Tottenham Hotspur chairman Daniel Levy may very well be a sailor, however. Certainly, Spurs faithful have become accustomed to his strong hand on the tiller. He doesn’t let the current take him wherever it will in the transfer market, which might be the main reason Nuno Espirito Santo rather than Antonio Conte will manage the club in 2021/22. The former Wolves boss doesn’t believe his new side should undergo a complete refit.
He isn’t in a panic because Danny Rose, Juan Foyth and Paulo Gazzaniga have all said their goodbyes to North London. Rose made the shortest move, signing on a free for newly promoted Watford, while Foyth’s loan to Villarreal was made permanent for £13.5 million and Gazzaniga was given an unconditional release.
Nor is there any need to panic. Ryan Sessegnon returns from Hoffenheim to compete with Sergio Regullon and Ben Davies for the left-back role. Joe Rodon, Japhet Tanganga and Cameron Carter-Vickers can spell Davinson Sanchez and Toby Alderweireld as needed. Joe Hart is a capable second for Hugo Lloris in goal. With new football man Fabio Paratici close to signing young Argentine defender Cristian Romero and Italian goalkeeper Pierluigi Gollini, there shouldn’t be any holes at the back.
The only reason alarms should be ringing is that Harry Kane remains unsettled.

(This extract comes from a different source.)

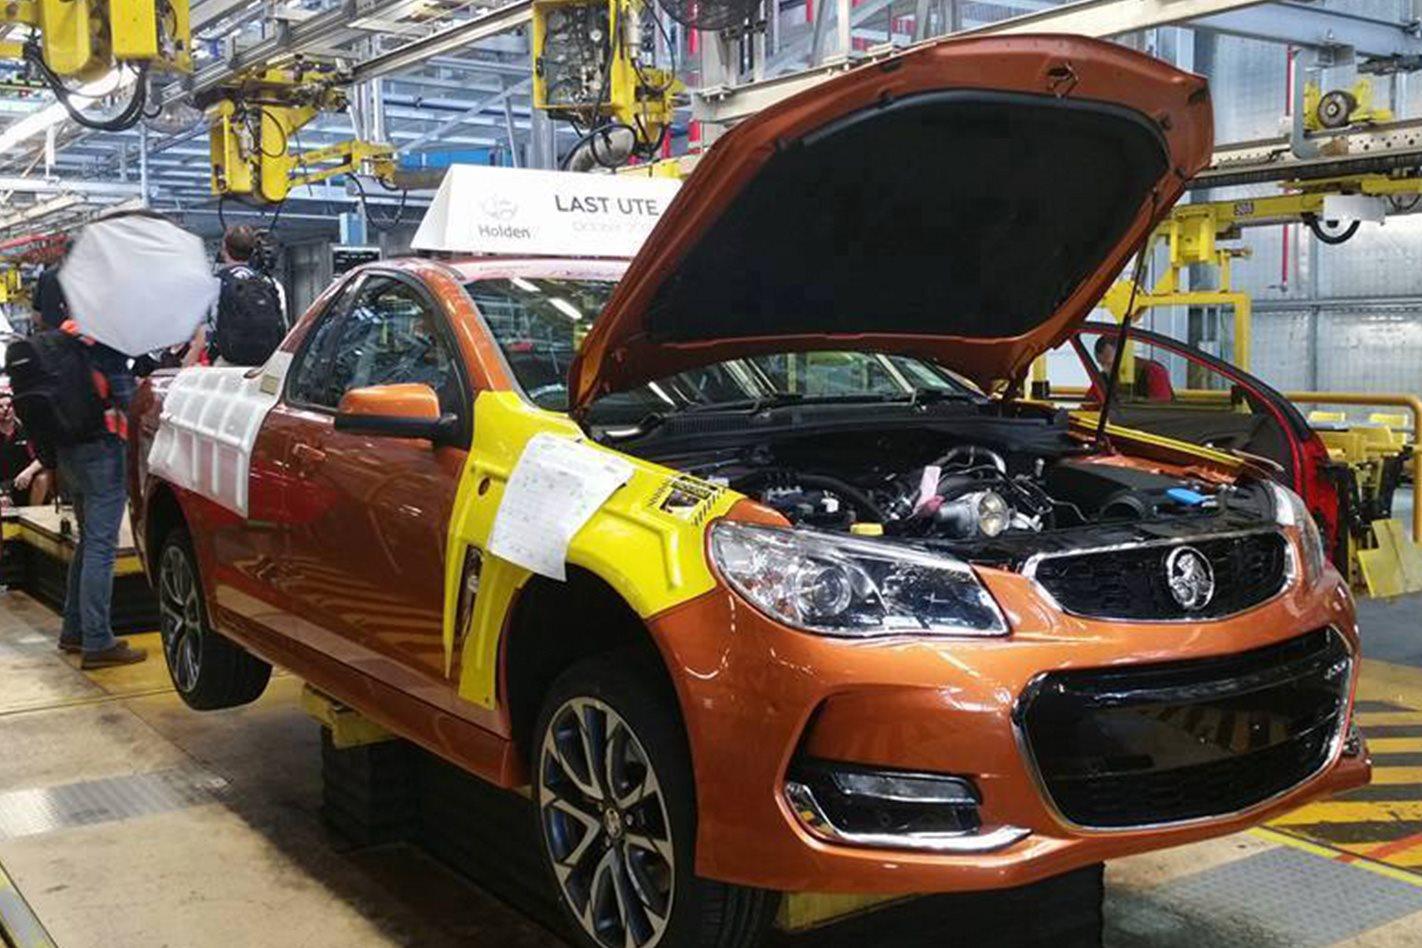 2017-Holden-Commodore-SS-Ute.jpg

Realistically, there is little to be done about that beyond Nuno demonstrating to the Spurs and England captain that he has title ambitions despite his willingness to work on a tight budget. The arrival of a fresh-faced, bright-eyed young midfielder who played his football at Eibar last year despite being on Sevilla’s books might be a good starting point. He might remind Kane of an absent friend.
Data by Understat.com
No one will deny that Tottenham played its best football during the Mauricio Pochettino era with Christian Eriksen pulling the strings. While the Dane ran out of patience with Spurs inability to win silverware sooner than Kane and journeyed to Milan to acquire some on his own, it was clear that the North Londoners missed his influence. With direct players like Steven Bergwijn and Lucas Moura assuming his minutes, Kane ended up taking on the dual burden of creating and finishing attacks. He did so ably, leading the Premier League in goals and assists, but the fact he did both suggests that Tottenham either need another centre-forward or playmaker.

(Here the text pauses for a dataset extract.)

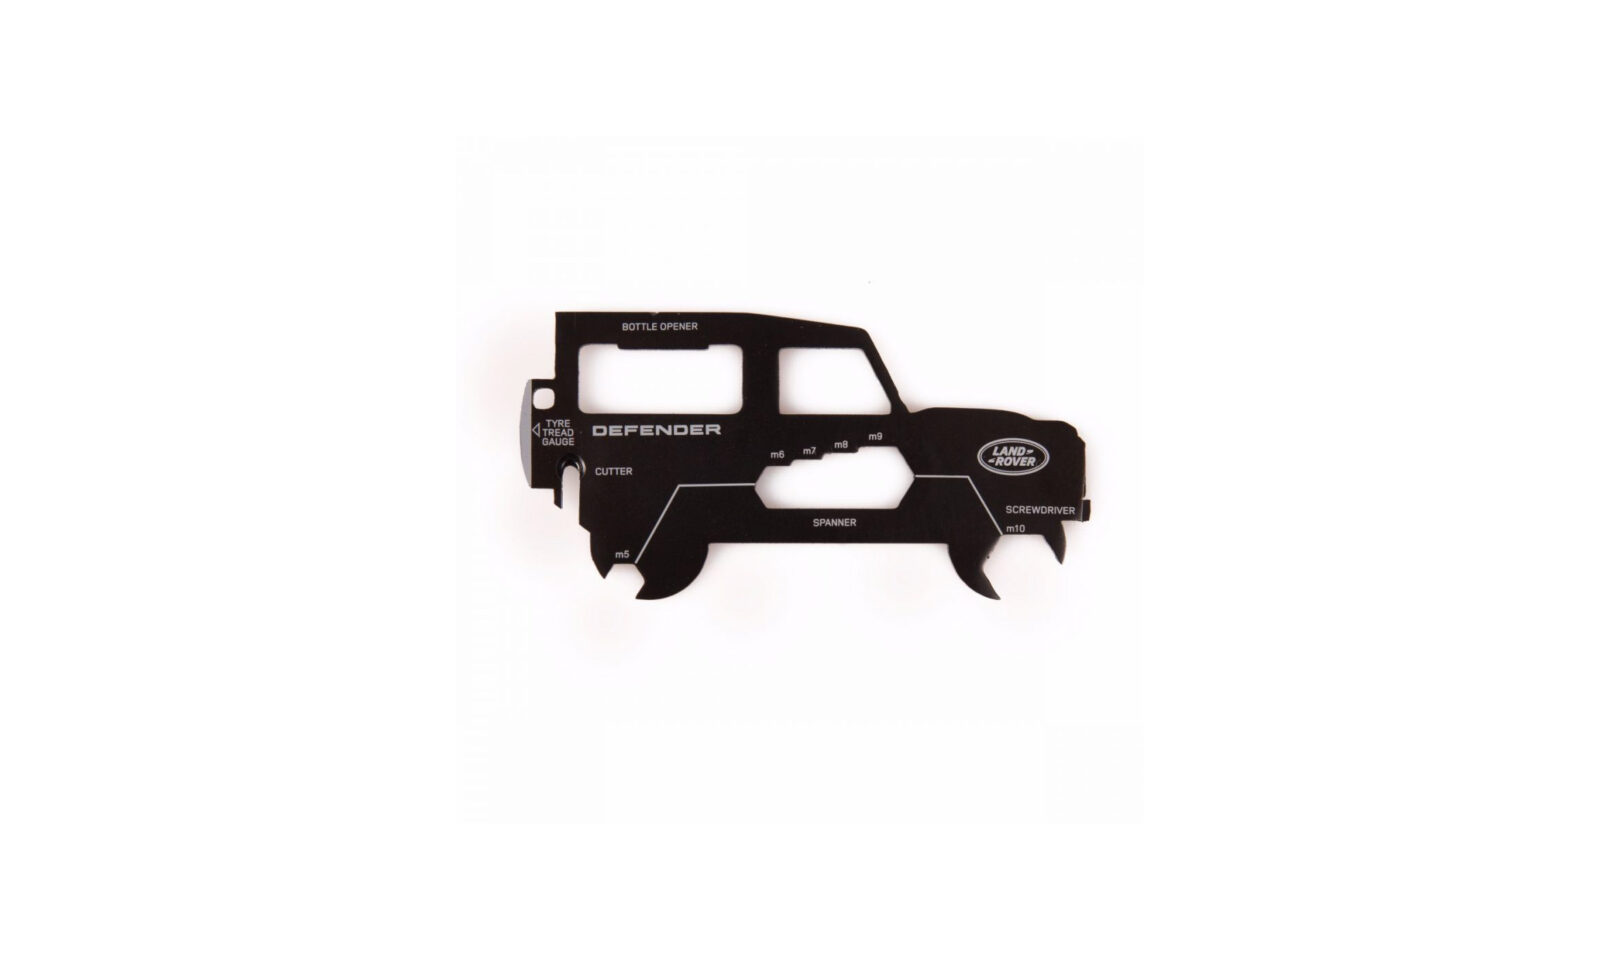 Land Rover Defender Multi Tool 1600x962 - Land Rover Defender Multi Tool

The praise coming out of Spain for Bryan Gil, where he has been dubbed the “Little Cruijff”, suggests he could be the latter. His stats at Eibar were promising, four goals and as many assists in 28 appearances for La Liga’s worst side in ‘20/21. His numbers in terms of build-up play don’t yet approach Eriksen’s production but they map out similarly. If he develops, it will be into the type of playmaker the Dane was before his tragic heart attack.
At the tender age of 20, there is time for it all to go wrong, of course. Think Bojan Krkic’s ill-fated move from Barcelona to Stoke City. Nuno Espirito Santo isn’t Tony Pulis, however. He has a reputation for developing young players like Gil.
If the deal is done, the youthful Spaniard won’t step into the starting XI immediately. He might ride the bench or another loan spell to a suitable side could be in the offing. Regardless, it might be worth it for Spurs fans to keep an eye on Spain’s progress in the Tokyo Olympics where Gill will be featured in the midfield. Amid all the recent turmoil, they might find a reason to be excited again.